Return, unchanged and with no pictures, the lines below from the very first through the one that contains "Appendix 7 Summary".
BEGIN Data excerpt
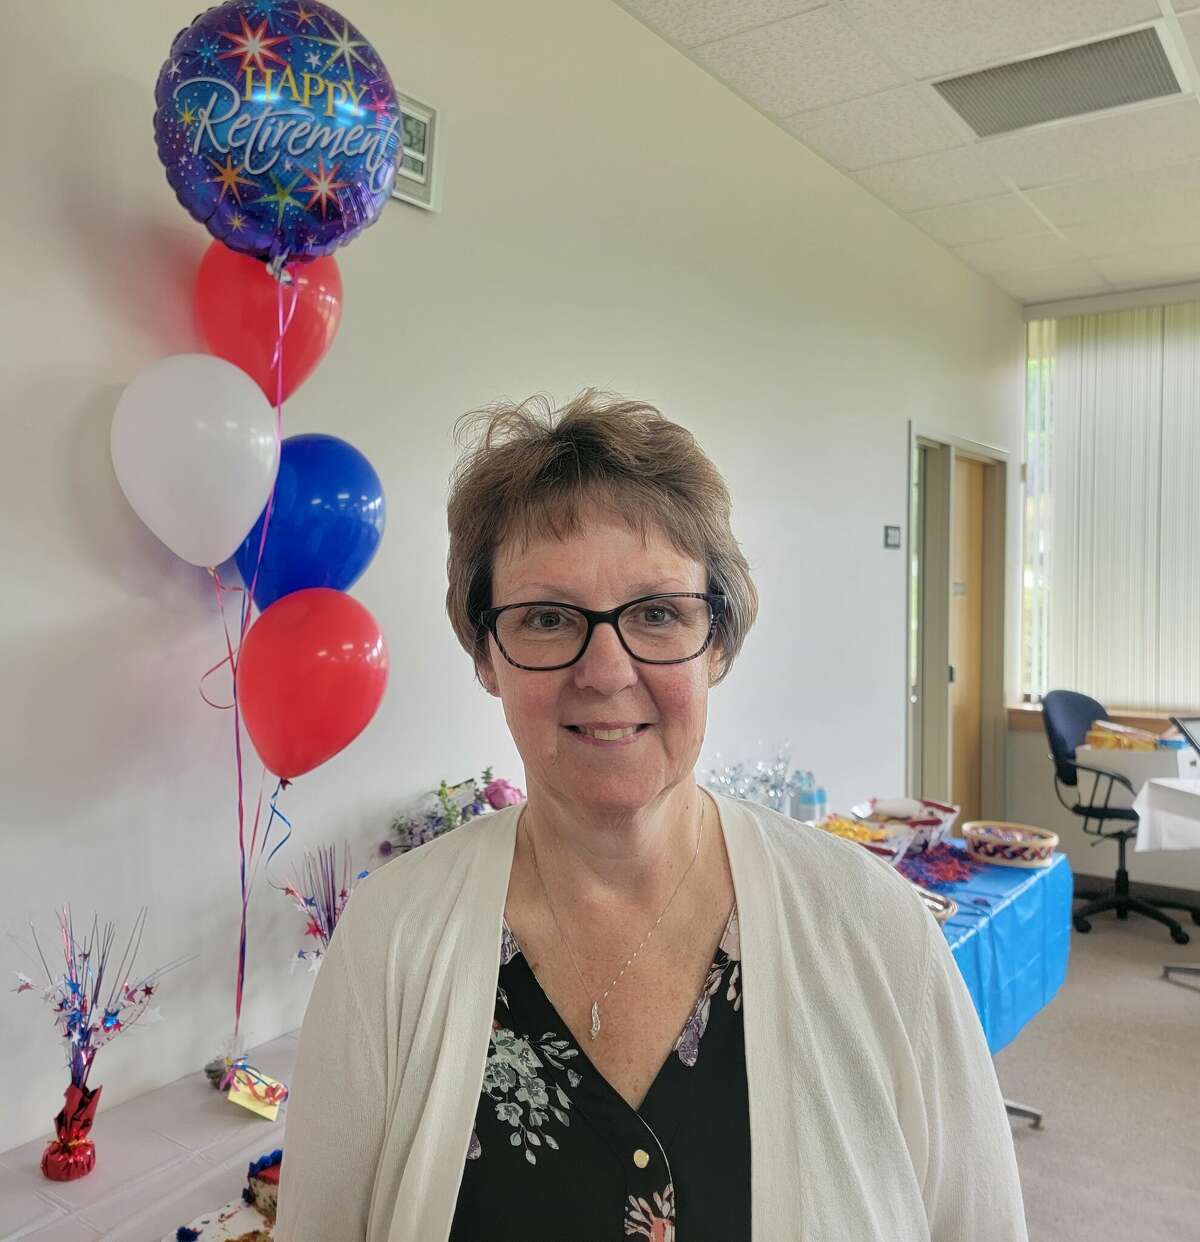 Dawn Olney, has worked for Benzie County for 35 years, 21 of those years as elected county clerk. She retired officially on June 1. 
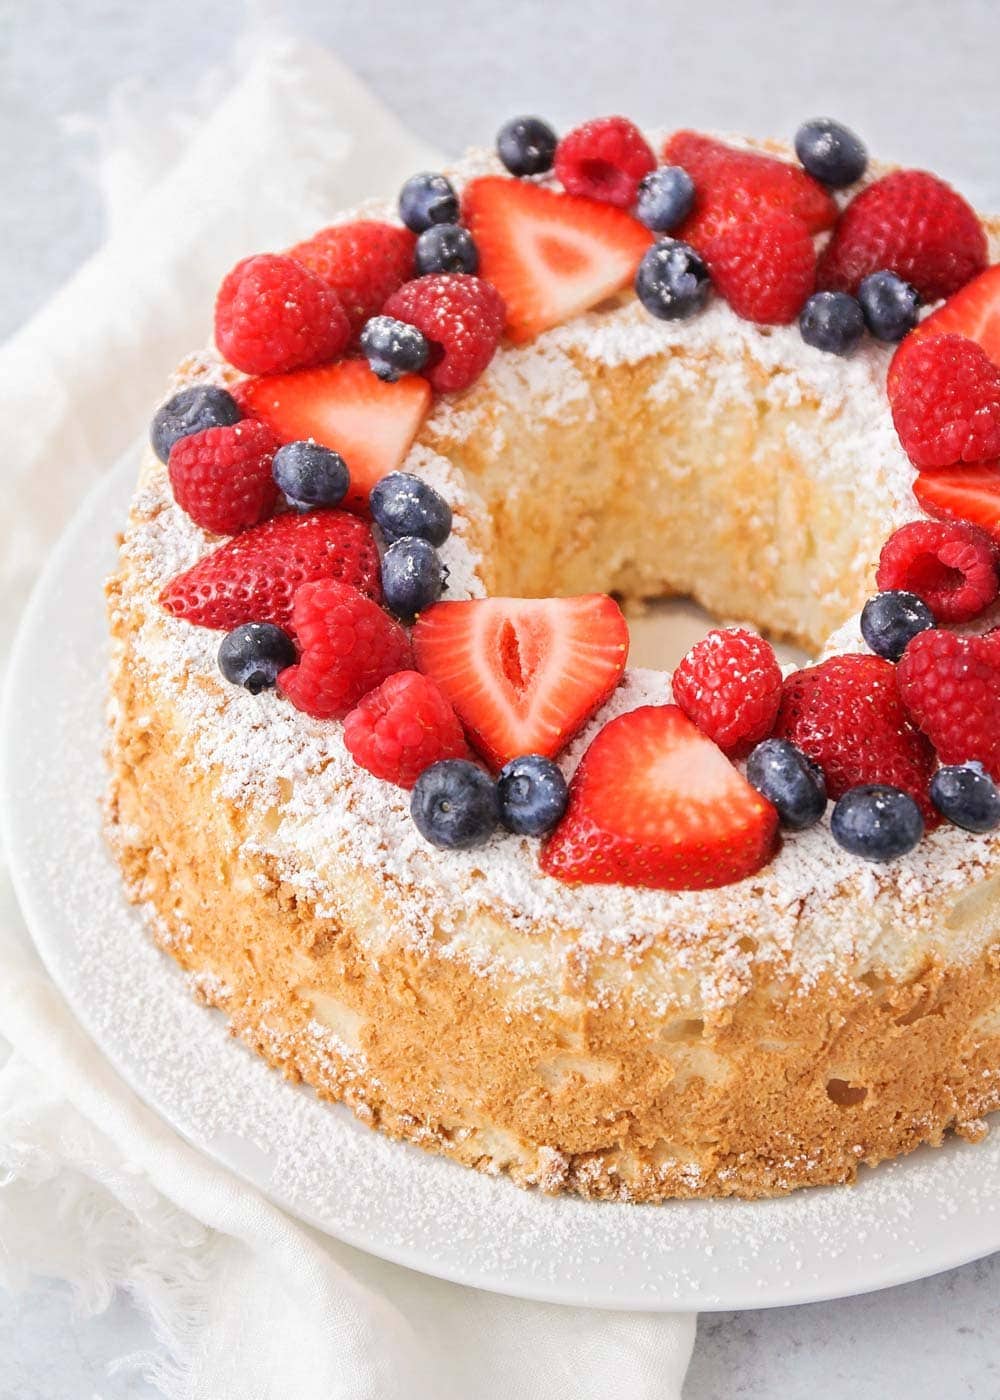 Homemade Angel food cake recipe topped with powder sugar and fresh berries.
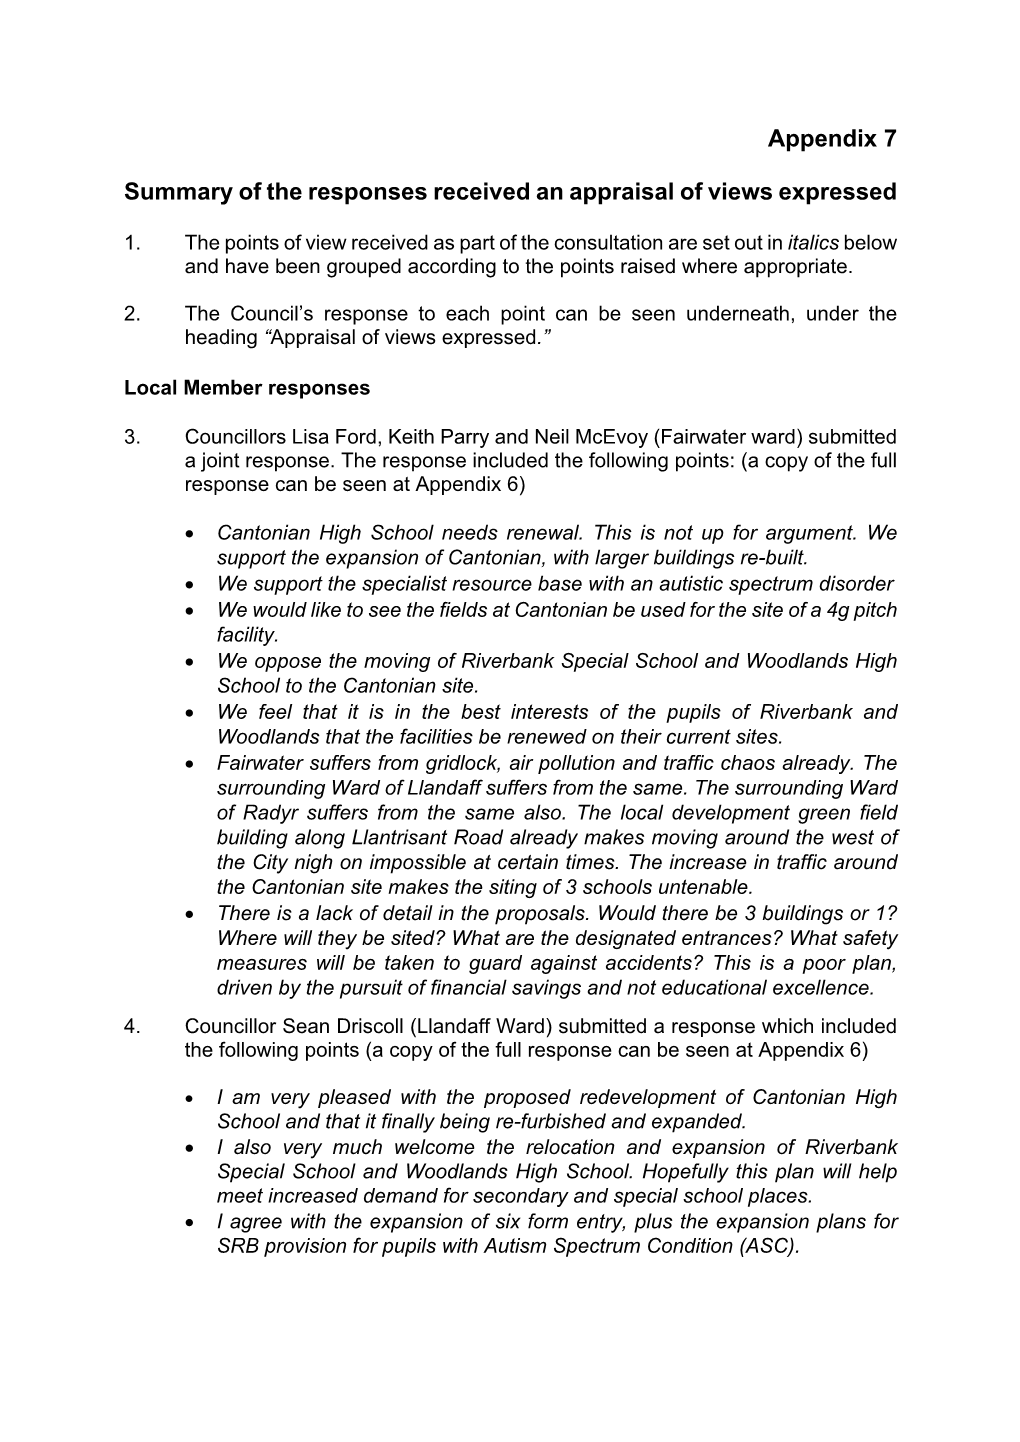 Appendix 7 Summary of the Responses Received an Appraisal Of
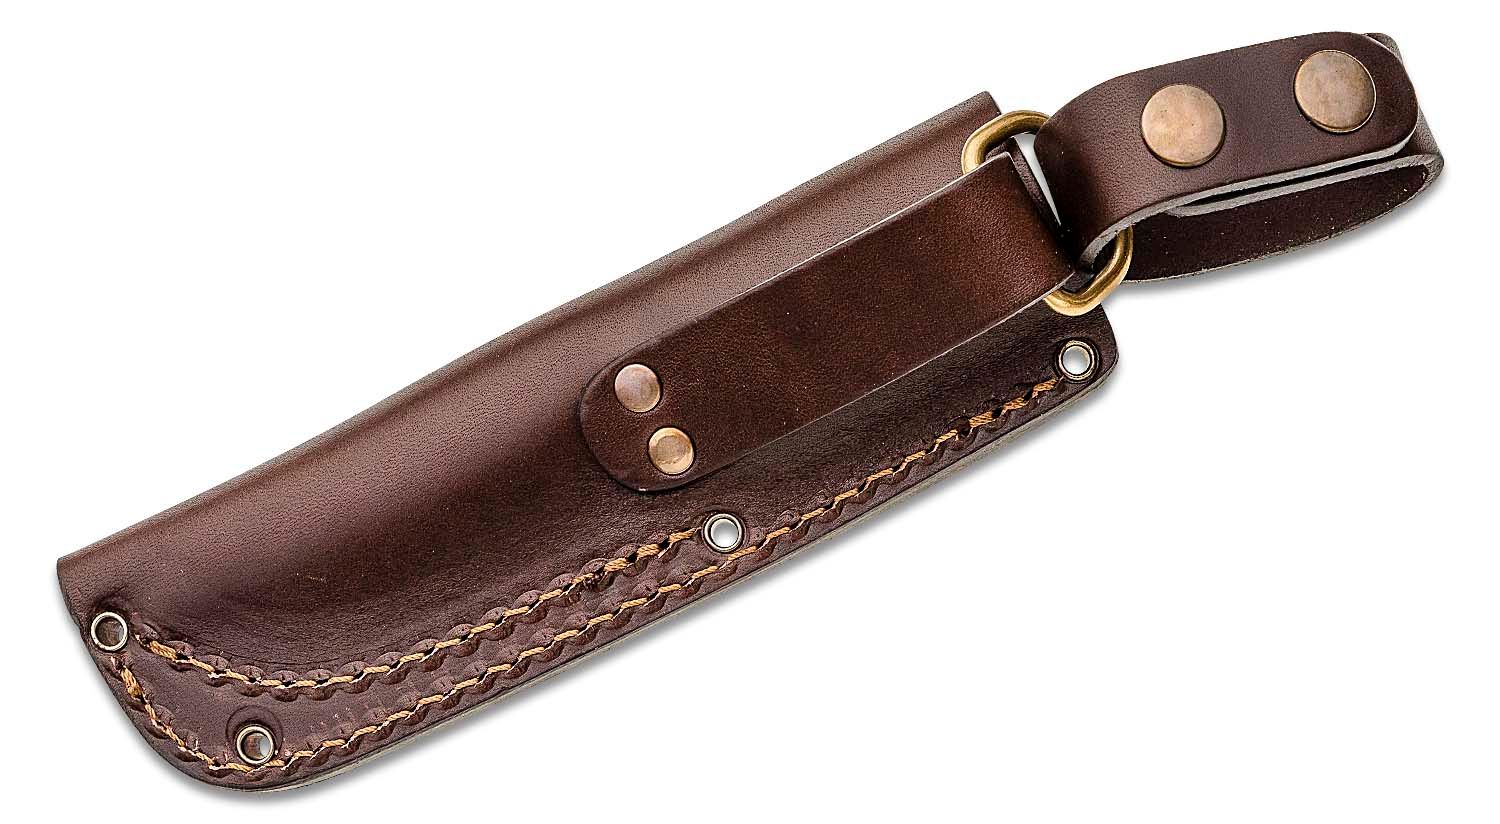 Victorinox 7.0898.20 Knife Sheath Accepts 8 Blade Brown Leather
END Data excerpt
## Finished task
 Dawn Olney, has worked for Benzie County for 35 years, 21 of those years as elected county clerk. She retired officially on June 1. 
 Homemade Angel food cake recipe topped with powder sugar and fresh berries.
 Appendix 7 Summary of the Responses Received an Appraisal Of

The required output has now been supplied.